**Given data**
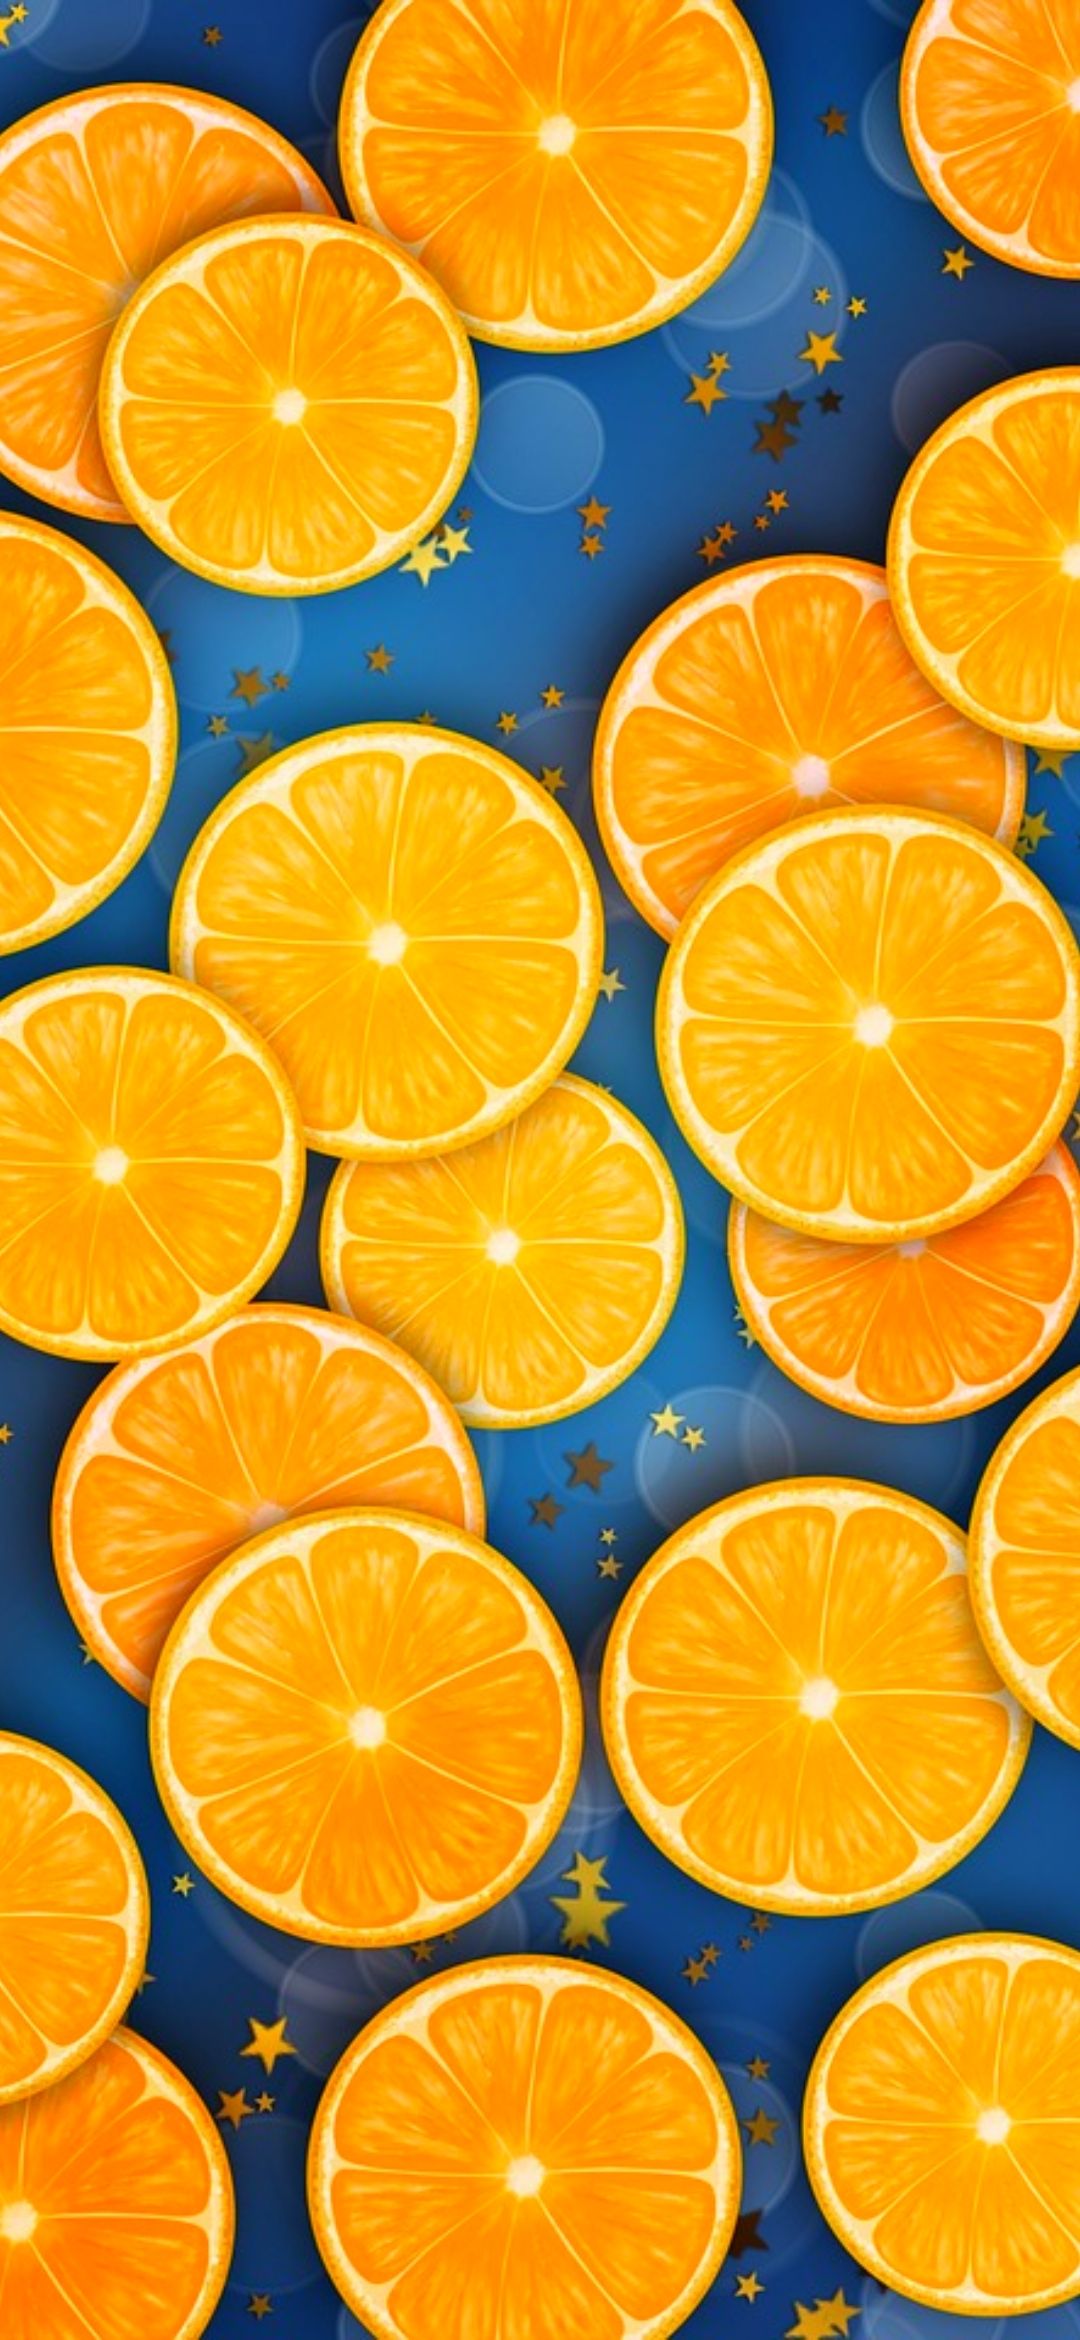 Orange Wallpaper 6
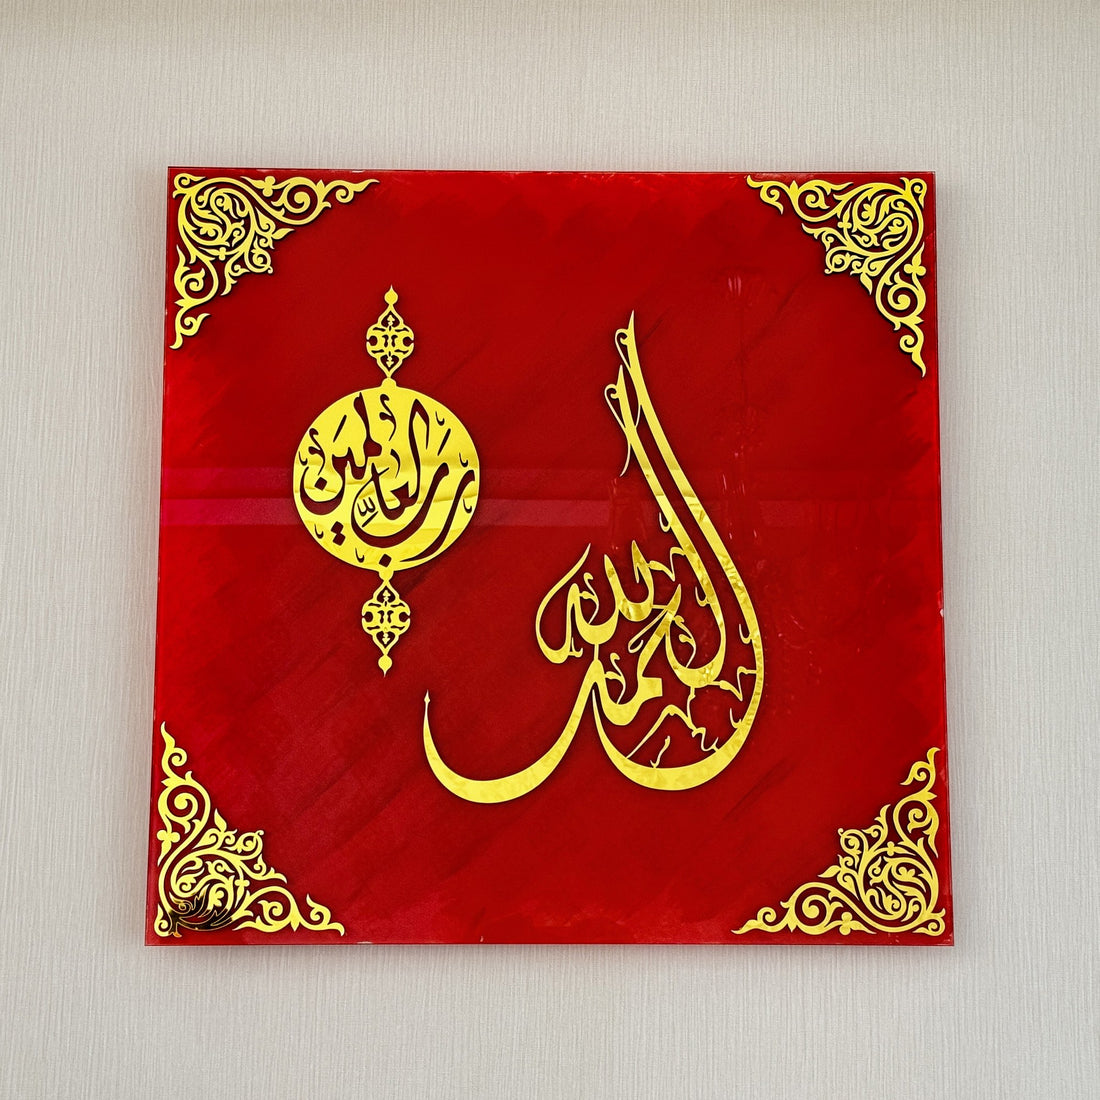 islamic-glass-surah-al-fatiha-verse-1-glass-islamic-wall-art-islamic-calligraphy-inspirational-wall-piece-shukranislamicarts
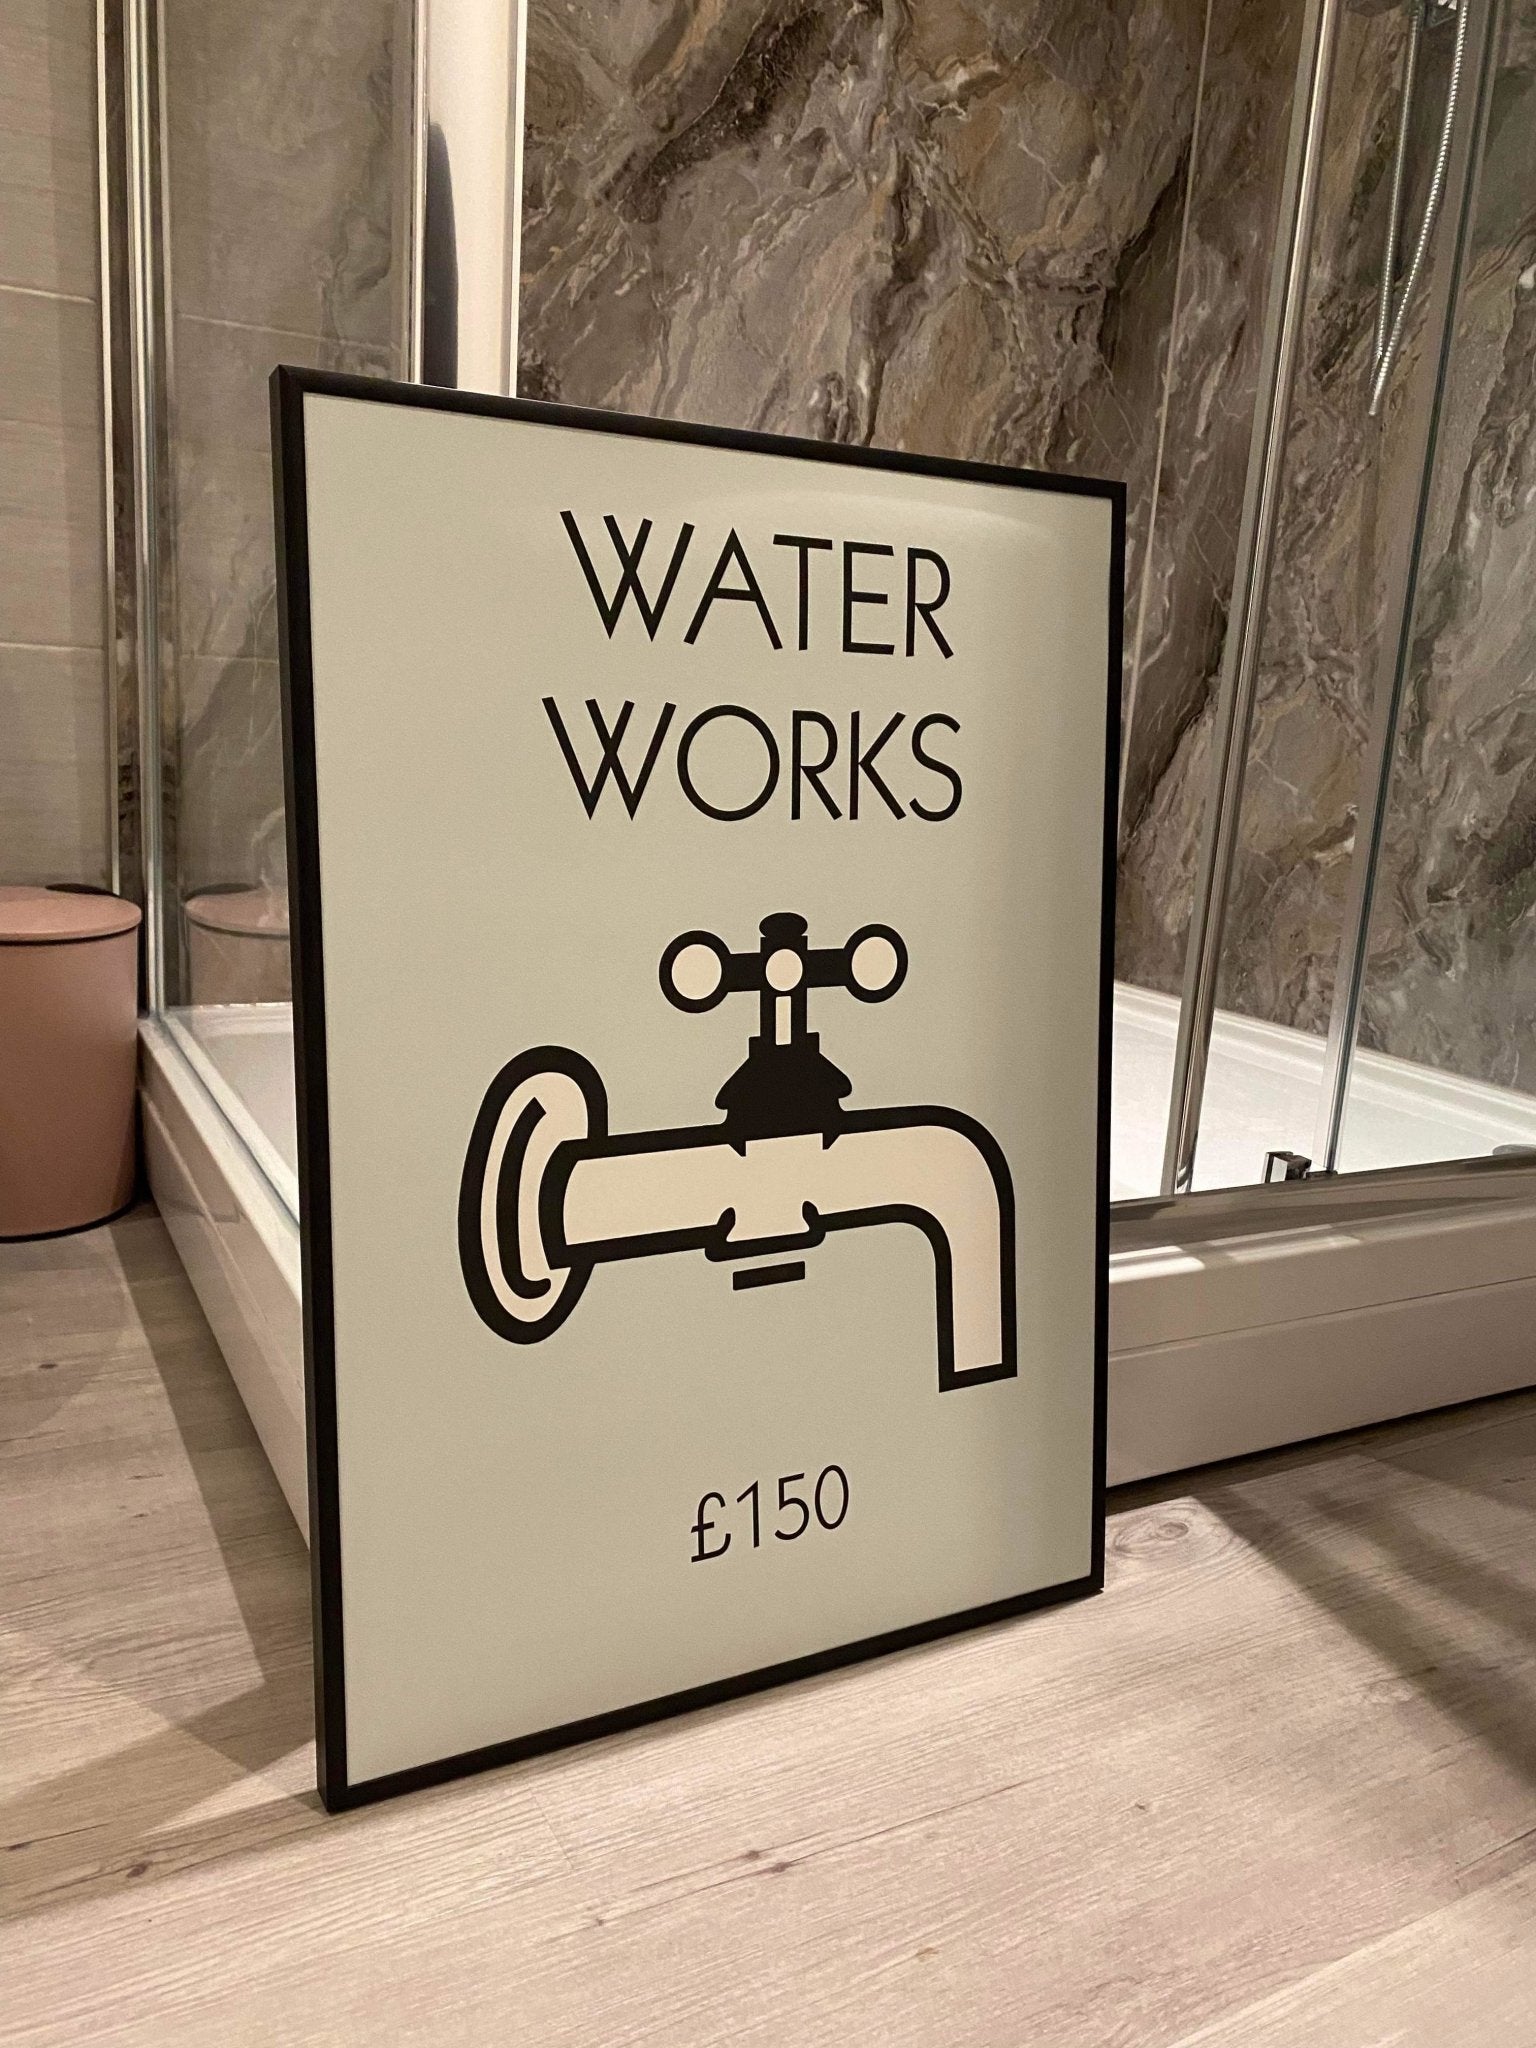 waterworks monopoly print

**What is being asked**
Without the pictures, write out the entire listing exactly.

**Response**
 Orange Wallpaper 6
 islamic-glass-surah-al-fatiha-verse-1-glass-islamic-wall-art-islamic-calligraphy-inspirational-wall-piece-shukranislamicarts
 waterworks monopoly print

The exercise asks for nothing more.